Even if you’ve never seen one of Baram & Snieckus’ live shows, the married comedy duo may still look familiar to you: Snieckus has a supporting role on the CBC sitcom Mr. D, while Baram has a bit part in Suicide Squad. Both comics are Second City alumni, and they also supplied half the main cast of The Carnegie Hall Show (along with Ron Pederson and Chris Gibbs), an ingenious weekly live series in which they dressed up in fancy suits and dresses while improvising period-set scenes “written” in past eras.

Still Figuring It Out, which opened at the John Candy Box Theatre last night and runs for two more shows, has the duo performing pre-written sketches, mostly on the theme of dating or relationships. It’s meant as a self-reflexive take on their own marriage, of course – “the most dangerous show a couple could do,” as Snieckus quipped in the introduction last night. As with most sketch shows, some bits work better than others, but Snieckus and Baram have such great chemistry together that the energy never dies. Some longtime couples instinctively finish each other’s sentences; this one lobs “Yes Ands” at each other the same way.

Among the better sketches here: one in which Snieckus tries to watch a baseball game with Baram, but can’t stop commenting on the social injustices she perceives in it; one in which she can’t remember his face at a party, despite ample photo evidence of their long history as friends; and a cruelly hilarious bit in which she ineptly practises for a simple audition, with him coaching. (The last one is reminiscent of the duo’s award-winning web series, The Casting Room, which satirizes common audition mistakes.)

There are also two filmed sketches (apparently to give Snieckus and Baram quick breaks), including a brilliant scene about a couple who attempt a role-playing game in a bar – only to keep messing it up. Another bit about a co-working couple has a good punch line, and a meetup in a park results in the characters listing their own personal quirks, which become progressively stranger. (Snieckus: “I collect tattoos. Not my own.”)

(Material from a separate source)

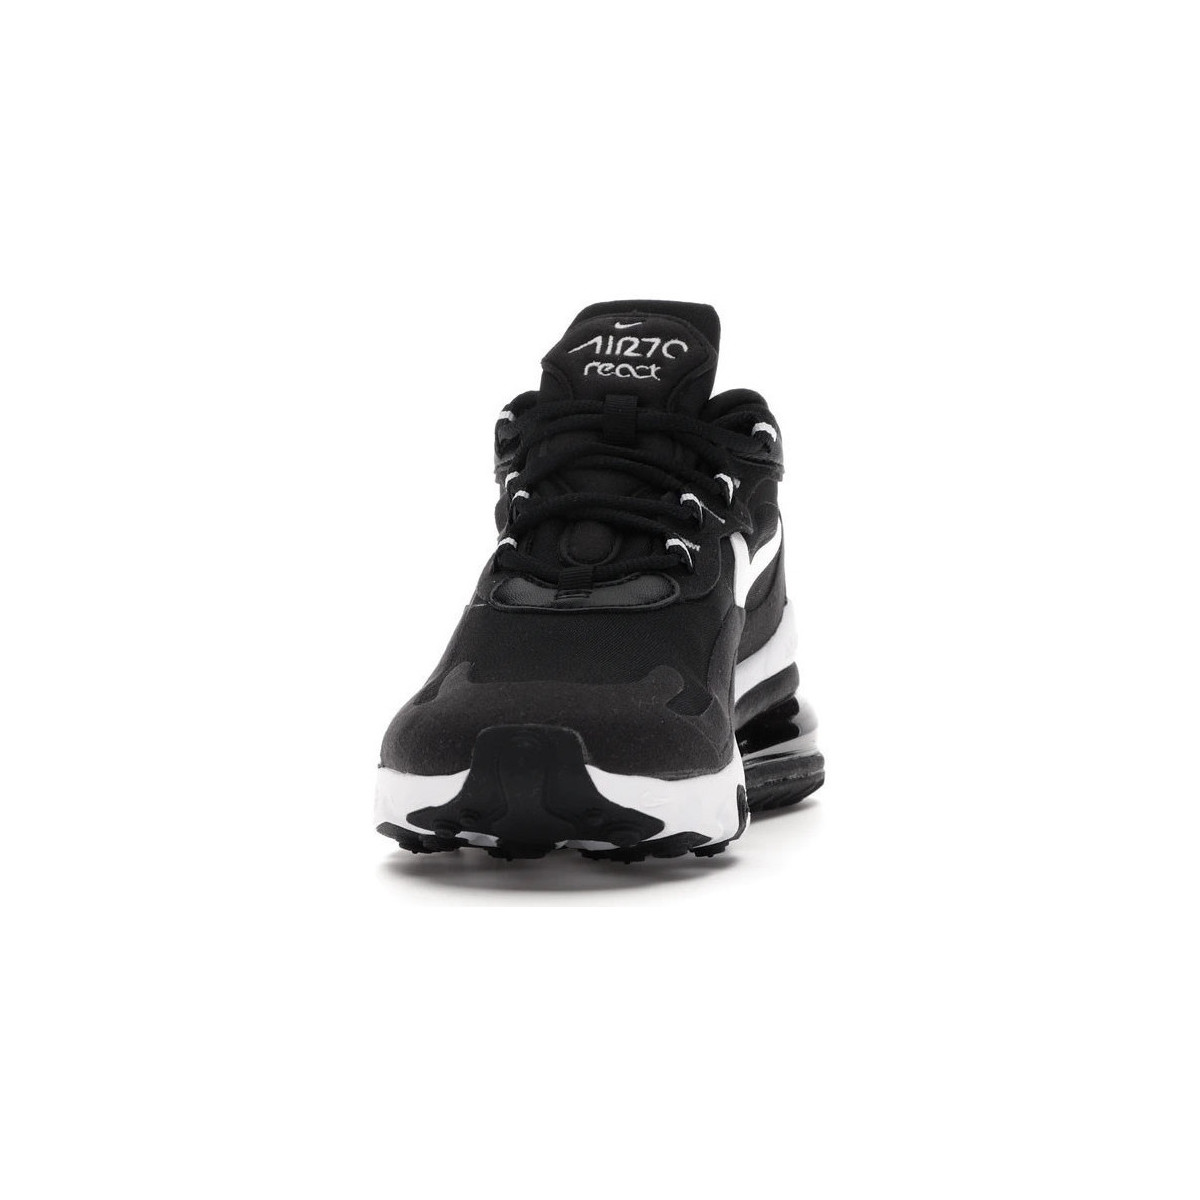 Nike Noir AIR MAX 270 REACT rzmppTy4

As funny as the written sketches are, it’s when the pair go into improv that they really let loose. In last night’s show, an audience suggestion of “Rush-Hour Polka” begat a wonderful, silly scene with Baram adopting a Shmenge Brothers voice as a man who lived in a laundromat without ever doing laundry. “I picnic here,” he said, while claiming to be from “the part of Poland that borders on Mexico.” Everybody else in the theatre laughed, even Snieckus.

Less successful are a sketch in which the couple try to talk to a dog and end up blurting out their own personal issues with each other, and a lengthy opening scene in which they play a couple reminiscing about their past embarrassments. The few passing references to domestic violence, abortion or rape may not sit well with some more sensitive viewers. Some sketches are recycled from the duo’s revue from last year, You and Me Both, although that’s not a problem for audience members who missed that one.

Again, the improvised parts in Still Figuring It Out show Baram & Snieckus at their strongest, and this may leave some in the audience starving for more improv – especially if they’re familiar with Carnegie Hall or the improvised parodies of Tennessee Williams and David Mamet plays that the pair did with The National Theatre of the World. But as Second City vets, the couple certainly shouldn’t be shrugged off when it comes to prepared material. They’ve long figured that out, too.

Baram & Snieckus: Still Figuring It Out runs at the John Candy Box Theatre (at the Second City Training Centre) tonight and tomorrow night.